Prime Minister Chris Hipkins has been invited to attend this year's NATO Leaders' Summit, as the military alliance looks to increase its engagement in the Pacific region.
NATO has invited its four Indo-Pacific partners (Australia, Japan, South Korea and New Zealand) to attend the event, due to be held in July.
Former prime minister Jacinda Ardern became the first New Zealand leader to address such an event when she attended last year's summit in Madrid.
Hipkins on Tuesday confirmed he had received the invitation but was yet to confirm whether he would visit Lithuania's capital Vilnius for the two-day conference in July.
"It's a big year domestically ... including the fact there's another event here in October that I have an interest in (the general election), so my international travel programme won't be massive," Hipkins said.
NATO plays an important part in world security, he said.
"We've remained, as I've always said, independent in our foreign policy and that will continue to be the case. But we will continue to work with like-minded countries.
"If you look at the situation in Ukraine, for example, we have a lot in common with members of NATO when it comes to our position on that particular conflict."
Hipkins said there were also some "strategically important" things for New Zealand to consider, including two "reasonably significant trade agreements" which the government was aiming to get across the line this year.

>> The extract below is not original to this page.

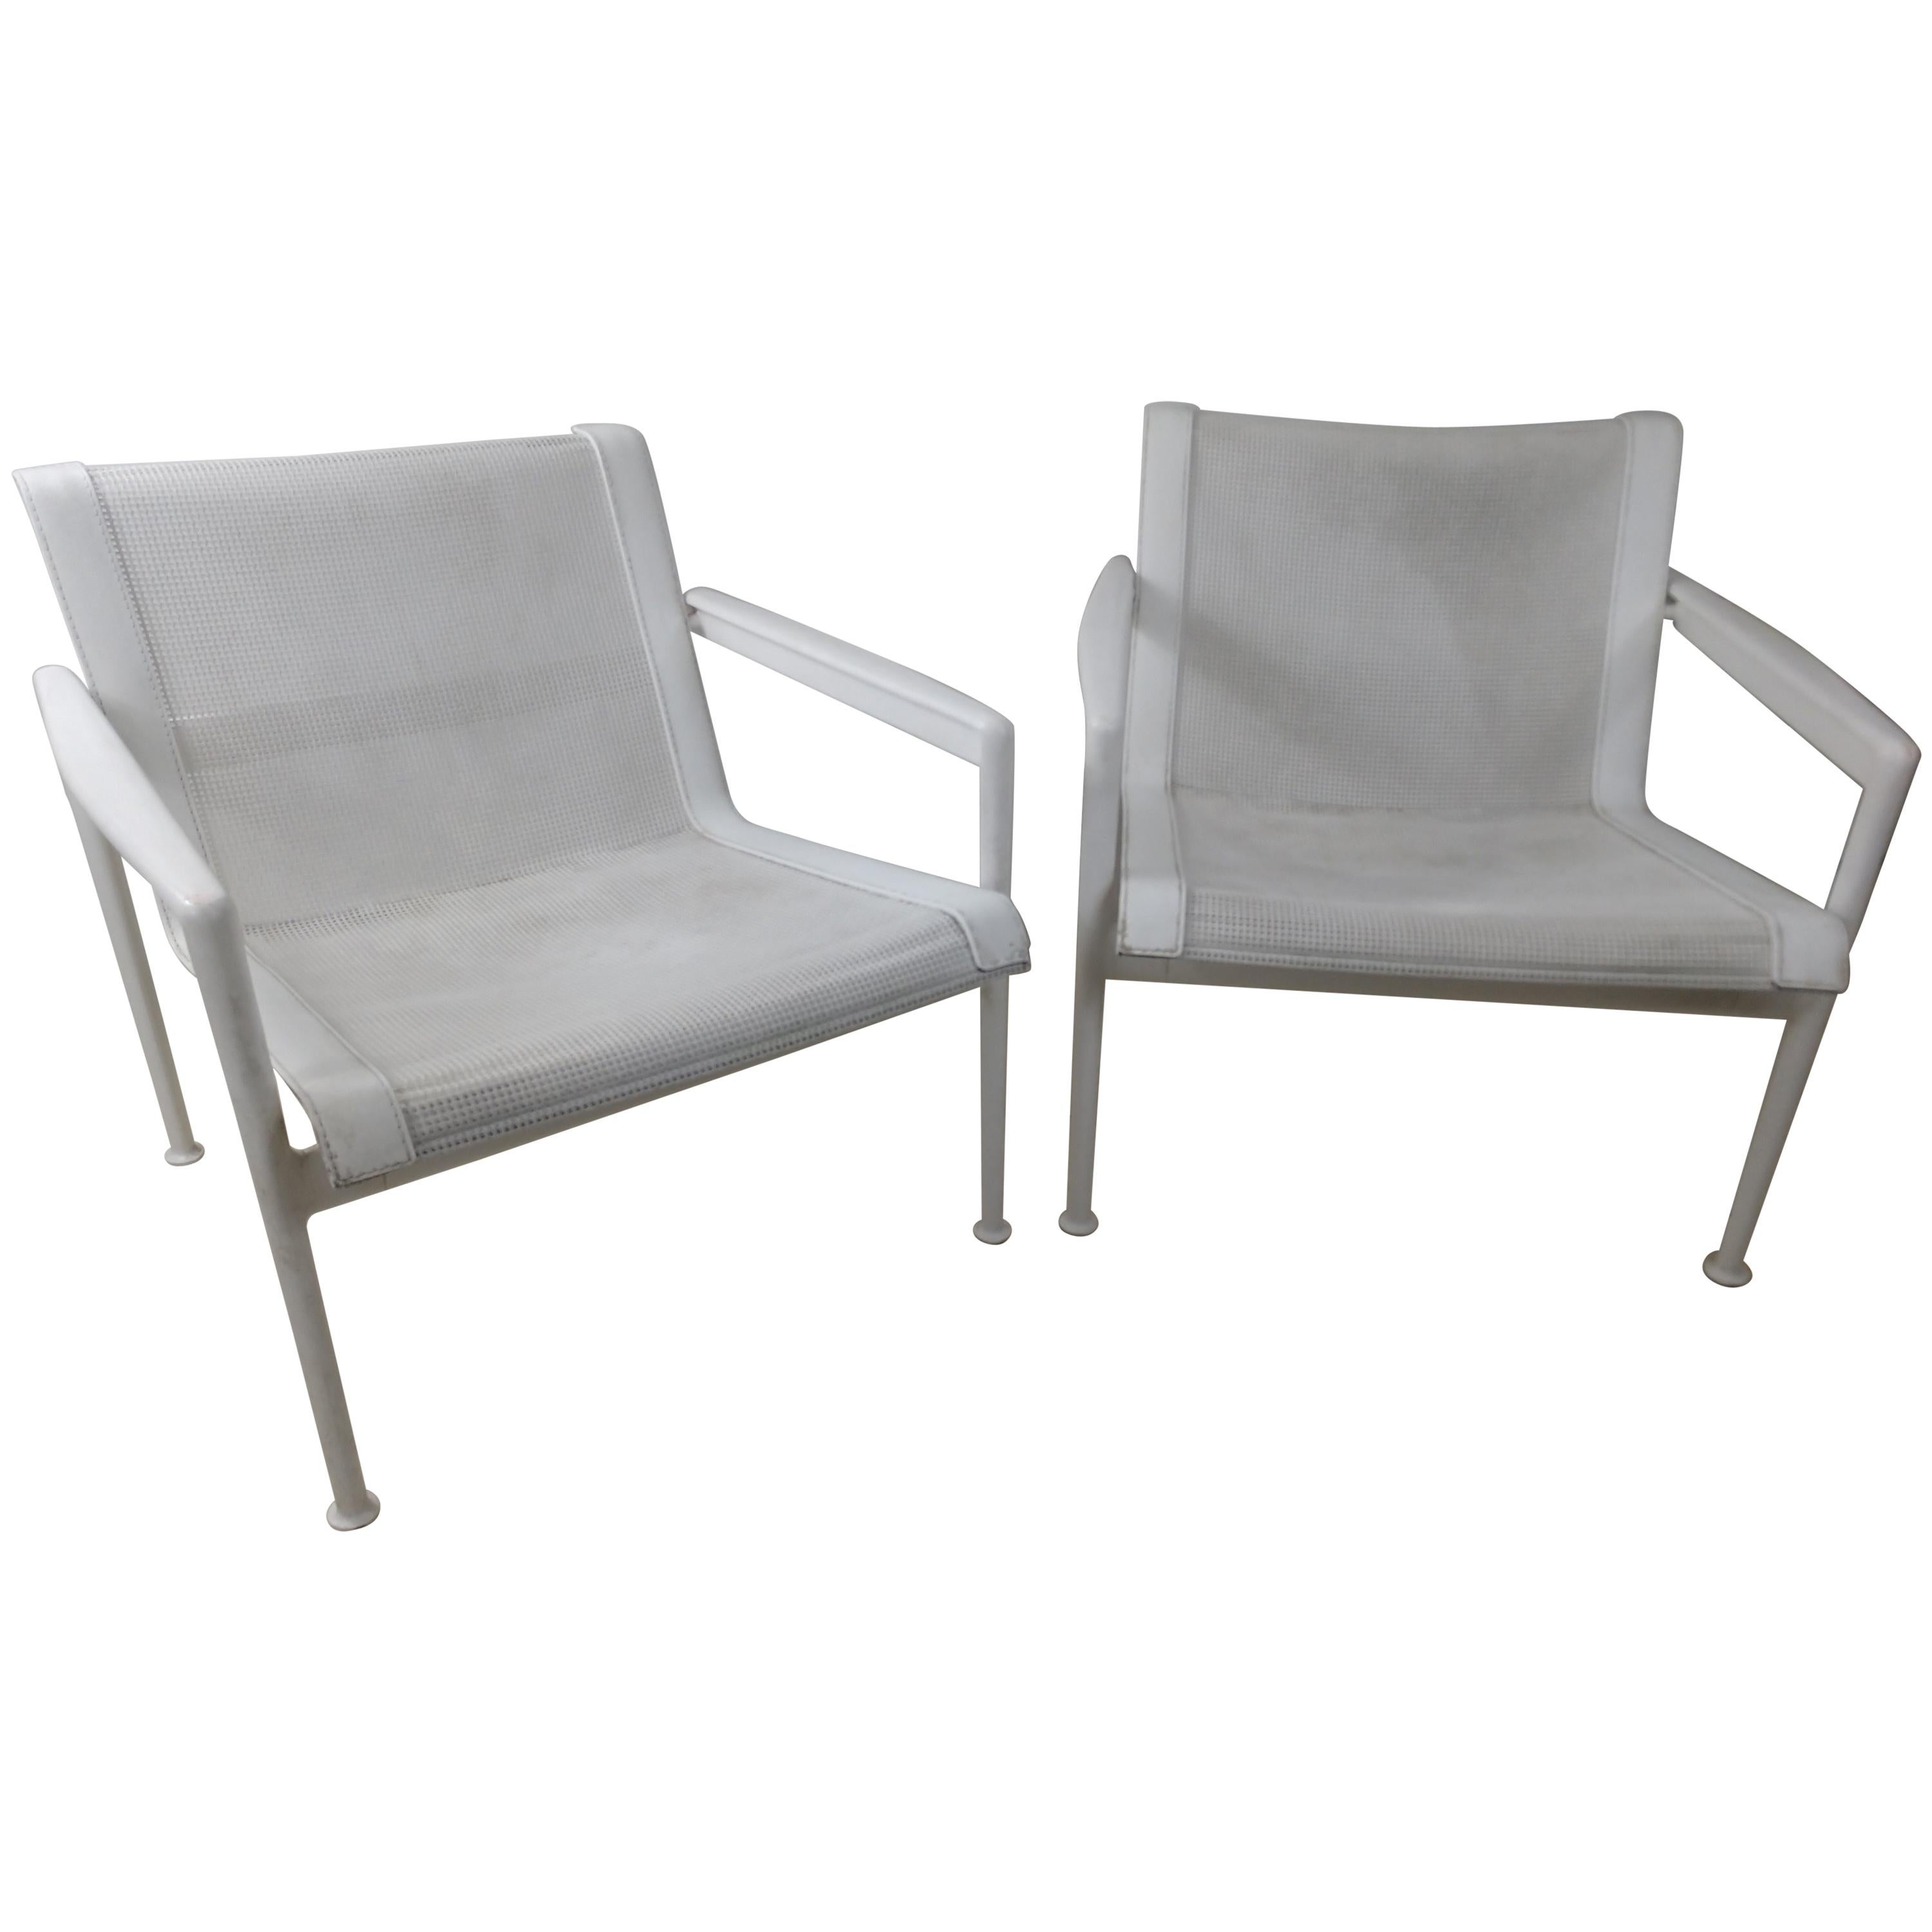 Pair of Richard Schultz Outdoor Lounge Chairs for Knoll

The invitation follows Foreign Minister Nanaia Mahuta's visit to Brussels last week, where she participated in a session of the NATO Foreign Ministers meeting.
Top NATO officials have also visited Wellington in recent weeks, prompting some experts to suggest New Zealand had formed a closer relationship with the military alliance.
Mahuta would only say the war in Ukraine had prompted more engagement with the likes of NATO.
"What we're seeing is New Zealand recognises the regional implications of a war in Ukraine, and what might happen in our own region," Mahuta said.
"We need to stay connected to members of the international community who are facing the immediate impacts of war in the region, and then outline what are the potential consequences for us here in our region, and that is why we remain engaged," she said.
"We've been quite consistent in terms of how we reflect our interests where we need to, when we need to, and we should do that.
"We should continue to assert our interests in whatever forum - whether it's ASEAN, or NATO, or, you know, in the Middle East - we should continue to assert and engage with regional architecture that help us say 'these are the things we're concerned about, these are the interests that are at the forefront of our mind' as we're impacted by these global events."
NATO's strategy for the next decade was set at last year's leaders' summit.
It included a commitment to strengthen ties with partners in the Indo-Pacific to tackle cross-regional challenges and shared security interests.
Hipkins also said the government was concerned about escalating tensions in the Taiwan Strait and continued to maintain its position that it would prefer a diplomatic solution.
China has accused the US of stoking tensions in the region by going against the One China policy, which claims the self-governing island as an integral part of mainland China.
Bejiing carried out aerial and naval blockade drills around Taiwan that ended yesterday, sparked by Taiwan President Tsai Ing-wen's meeting in Los Angeles with US House of Representatives Speaker Kevin McCarthy.
"If there's a role that we can play diplomatically, then that's something New Zealand will always do," Hipkins said.